14. A network hub structure as claimed in claim 10, wherein the
SONET TDM multiplexer units are further arranged in a manner such
that, in use, the decoded GbE streams are being re-encoded
utilising a 5b/6b line code to produce 1.2 Gbit/s streams, before
employing the multiplexing into the 2.488 Gbit/s OC 48 data
streams.
15. A method for connecting network elements of a first WDM network
supporting a first bit rate WDM data stream to other network
elements on a second optical network supporting a second bit rate
data stream which is substantially a multiple n of the first bit
rate; the method comprising the step of selectively multiplexing
any n first WDM data streams originating from one or more of the
network elements of the WDM network destined for any same one of
said other network elements into one said second data stream.
16. A method as claimed in claim 15, wherein the first bit rate WDM
data streams are 1 Gbit/s Gigabit Ethernet data streams, and the
second bit rate data streams are 2.488 Gbit/s SONET/SDH (OC48) data
streams.
17. A method as claimed in claim 15, wherein the method further
comprises the step of de-multiplexing an incoming second data
stream from the second network into n outgoing first WDM data
streams destined for one or more network elements on the first WDM
network and multiplexing the outgoing first WDM data streams onto
the first WDM network.
18. A method as claimed in claim 17, wherein the method comprises
the steps of tagging each first WDM data stream, and allocating a
wavelength to each outgoing first WDM data stream based on tags on
the incoming second data streams.
Description
FIELD OF THE INVENTION
[0001] The present invention relates broadly to a method and
apparatus for connecting network elements between optical networks
supporting different bit rate data streams.
BACKGROUND OF THE INVENTION
[0002] In optical networks it is often required to forward traffic
from multiple separate users received at a core node of e.g. a
metro dense wavelength division multiplexing (DWDM) networks onto
another long-haul network using a different bit rate data stream
than the metro DWDM network.
[0003] In designing a system that facilitates such connectivity it
must also be considered that subscribers (i.e. users) will need to
communicate to different locations on the long-haul network.

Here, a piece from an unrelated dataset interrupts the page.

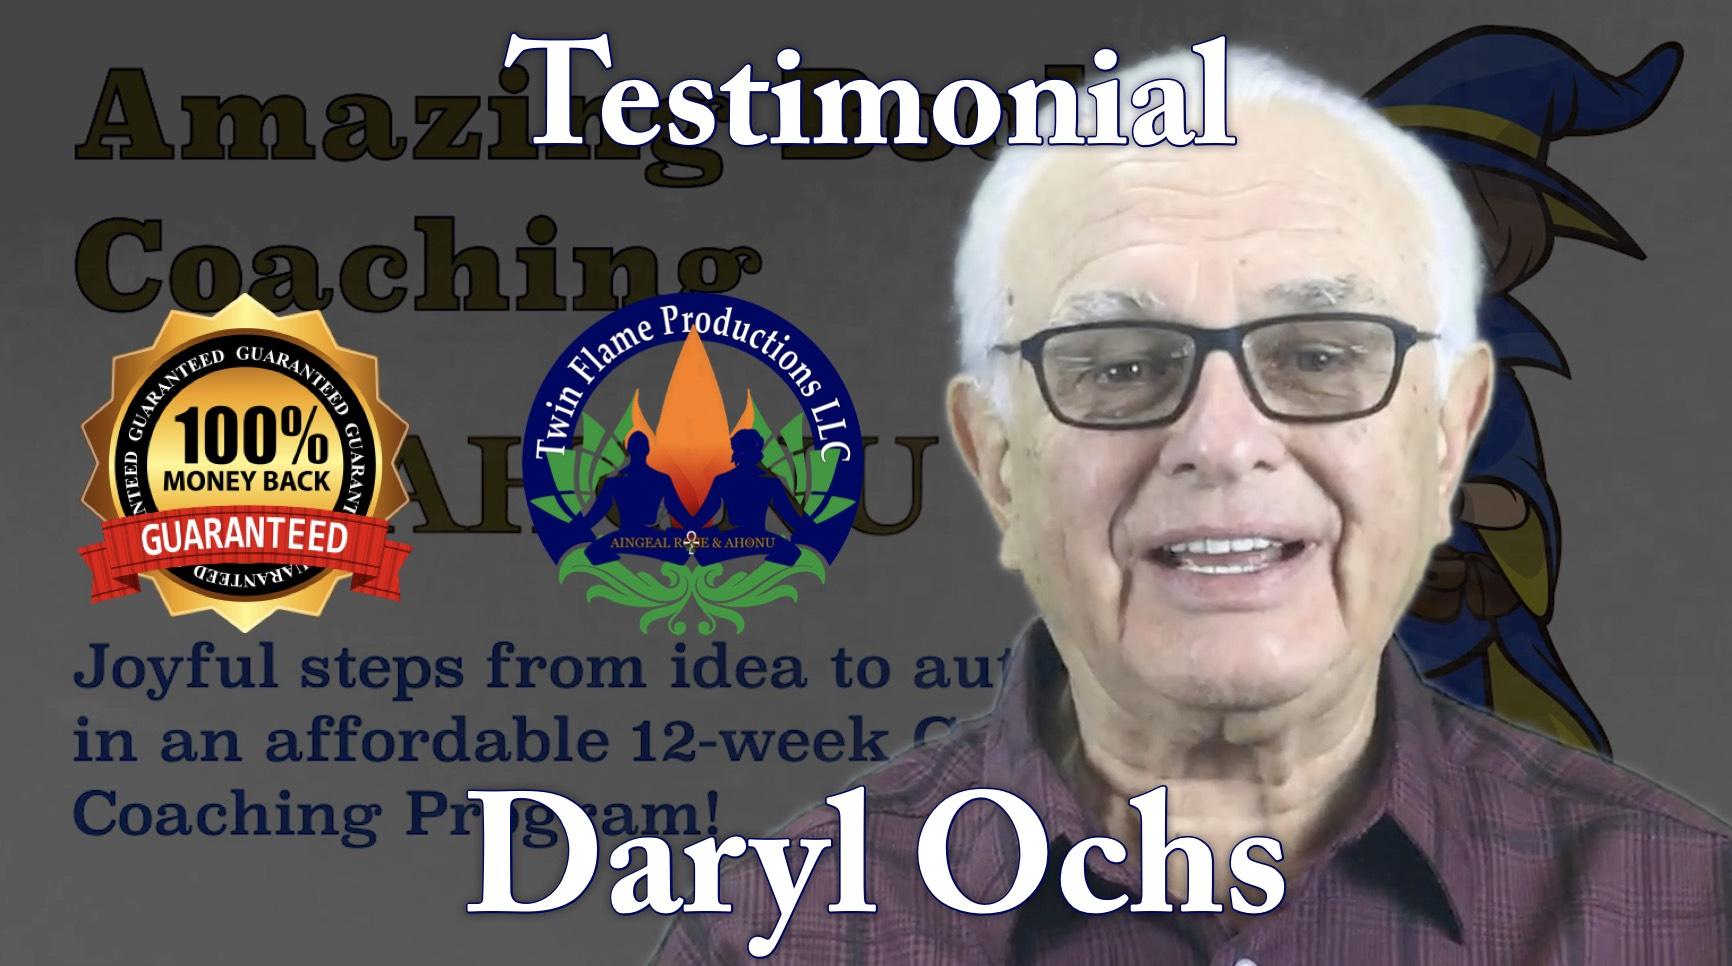 Testimonial from Daryl Ochs

[0004] At least preferred embodiments of the present invention seek
to provide a method and apparatus for facilitating such
connectivity in optical networks.
SUMMARY OF THE INVENTION
[0005] In accordance with a first aspect of the present invention
there is provided a network hub structure for connecting network
elements of a first WDM network supporting a first bit rate WDM
data stream to other network elements on a second optical network
supporting a second bit rate data stream which is substantially a
multiple n of the first bit rate; the hub structure comprising a
multiplexing system comprising a plurality of multiplexing units,
each multiplexing unit being arranged to multiplex n first WDM data
streams into one second data stream, and a switching unit arranged,
in use, to selectively cross connect any n first WDM data streams
originating from one or more of the network elements of the WDM
network destined for any same one of said other network elements to
one of the multiplexing units for multiplexing into one said second
data stream.
[0006] In a preferred embodiment, the first bit rate WDM data
streams are 1 Gbit/s Gigabit Ethernet data streams, and the second
bit rate data streams are 2.488 Gbit/s SONET/SDH (OC48) data
streams.
[0007] Each multiplexing unit may comprise a 2xGbE/OC48 Packet Over
SONET (POS) multiplexer unit.
[0008] In another embodiment, each multiplexing unit may comprise a
SONET time division multiplexing (TDM) multiplexer unit.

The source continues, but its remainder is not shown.